The AUC value of RF, NN, SVM, LR, NB, and kNN algorithms were 0.860, 0.863, 0.804, 0.826, 0.810, and 0.810 respectively. The classification accuracy of the RF, NN, SVM, LR, NB, and kNN algorithms were also 0.746, 0.746, 0.735, 0.717, 0.713, and 0,699 respectively. According to these findings, for example, the RF algorithm was able to achieve 74.6% accuracy. In other words, there was a very high-level correlation between the data predicted and the actual data. As a result, 74.6% of the samples were been classified correctly.

Discussion and conclusion

This study proposes a new model based on machine learning algorithms to predict the final exam grades of undergraduate students, taking their midterm exam grades as the source data. The performances of the Random Forests, nearest neighbour, support vector machines, Logistic Regression, Naïve Bayes, and k-nearest neighbour algorithms, which are among the machine learning algorithms, were calculated and compared to predict the final exam grades of the students. This study focused on two parameters. The first parameter was the prediction of academic performance based on previous achievement grades. The second one was the comparison of performance indicators of machine learning algorithms.

The results show that the proposed model achieved a classification accuracy of 70–75%. According to this result, it can be said that students' midterm exam grades are an important predictor to be used in predicting their final exam grades. RF, NN, SVM, LR, NB, and kNN are algorithms with a very high accuracy rate that can be used to predict students' final exam grades. Furthermore, the predictions were made using only three types of parameters; midterm exam grades, Department data and Faculty data. The results of this study were compared with the studies that predicted the academic achievement grades of the students with various demographic and socio-economic variables. Hoffait and Schyns ( 2017 ) proposed a model that uses the academic achievement of students in previous years. With this model, they predicted students' performance to be successful in the courses they will take in the new semester. They found that 12.2% of the students had a very high risk of failure, with a 90% confidence rate. Waheed et al. ( 2020 ) predicted the achievement of the students with demographic and geographic characteristics. He found that it has a significant effect on students' academic performance. He predicted the failure or success of the students by 85% accuracy. Xu et al. ( 2019 ) found that internet usage data can distinguish and predict students' academic performance. Costa-Mendes et al. ( 2020 ), Cruz-Jesus et al. ( 2020 ), Costa-Mendes et al. ( 2020 ) predicted the academic achievement of students in the light of income, age, employment, cultural level indicators, place of residence, and socio-economic information. Similarly, Babić ( 2017 ) predicted students’ performance with an accuracy of 65% to 100% with artificial neural networks, classification tree, and support vector machines methods.

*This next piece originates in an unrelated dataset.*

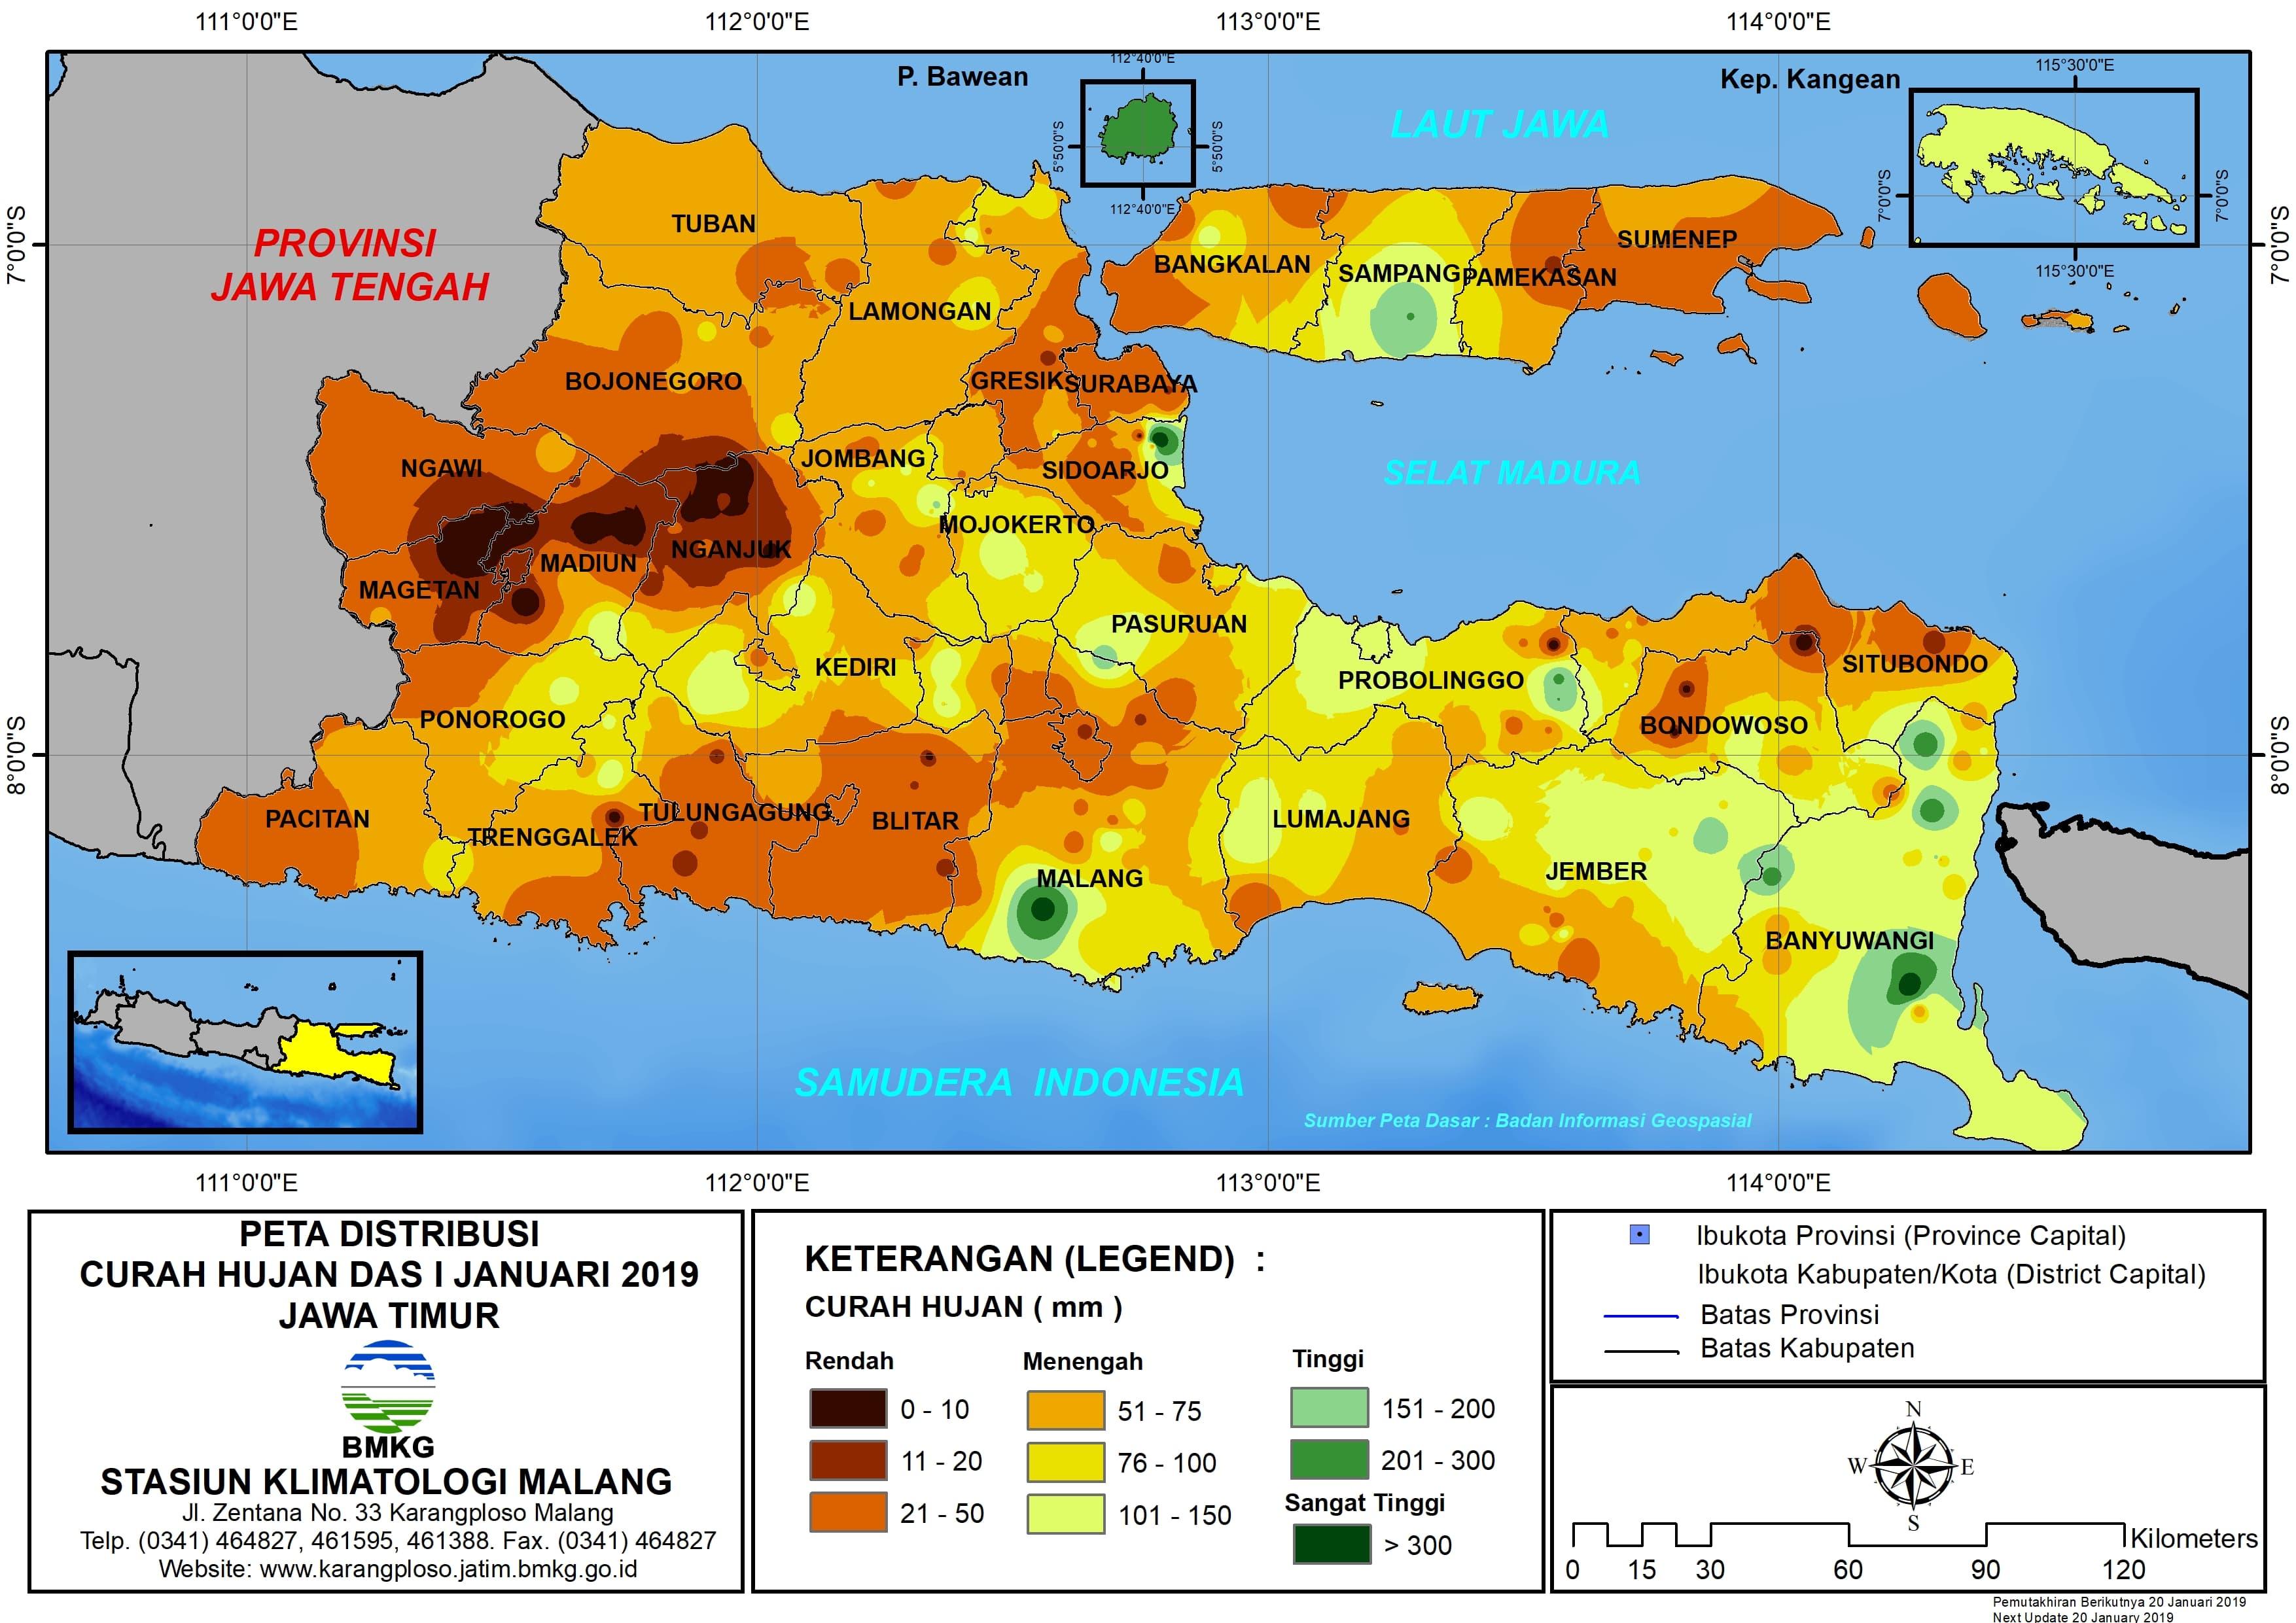 Peta Analisis Distribusi Curah Hujan Dasarian I Januari 2019 di Provinsi Jawa Timur

Another result of this study was RF, NN and SVM algorithms have the highest classification accuracy, while kNN has the lowest classification accuracy. According to this result, it can be said that RF, NN and SVM algorithms perform with more accurate results in predicting the academic achievement grades of students with machine learning algorithms. The results were compared with the results of the research in which machine learning algorithms were employed to predict academic performance according to various variables. For example, Hoffait and Schyns ( 2017 ) compared the performances of LR, ANN and RF algorithms to identify students at high risk of academic failure on their various demographic characteristics. They ranked the algorithms from those with the highest accuracy to the ones with the lowest accuracy as LR, ANN, and RF. On the other hand, Waheed et al. ( 2020 ) found that the SVM algorithm performed higher than the LR algorithm. According to Xu et al. ( 2019 ), the algorithm with the highest performance is SVM, followed by the NN algorithm, and the decision tree is the algorithm with the lowest performance.

The proposed model predicted the final exam grades of students with 73% accuracy. According to this result, it can be said that academic achievement can be predicted with this model in the future. By predicting students' achievement grades in future, students can be allowed to review their working methods and improve their performance. The importance of the proposed method can be better understood, considering that there is approximately 2.5 months between the midterm exams and the final exams in higher education. Similarly, Bernacki et al. ( 2020 ) work on the early warning model. He proposed a model to predict the academic achievements of students using their behavior data in the learning management system before the first exam. His algorithm correctly identified 75% of students who failed to earn the grade of B or better needed to advance to the next course. Ahmad and Shahzadi ( 2018 ) predicted students at risk for academic performance with 85% accuracy evaluating their study habits, learning skills, and academic interaction features. Cruz-Jesus et al. ( 2020 ) predicted students' end-of-semester grades with 16 independent variables. He concluded that students could be given the opportunity of early intervention.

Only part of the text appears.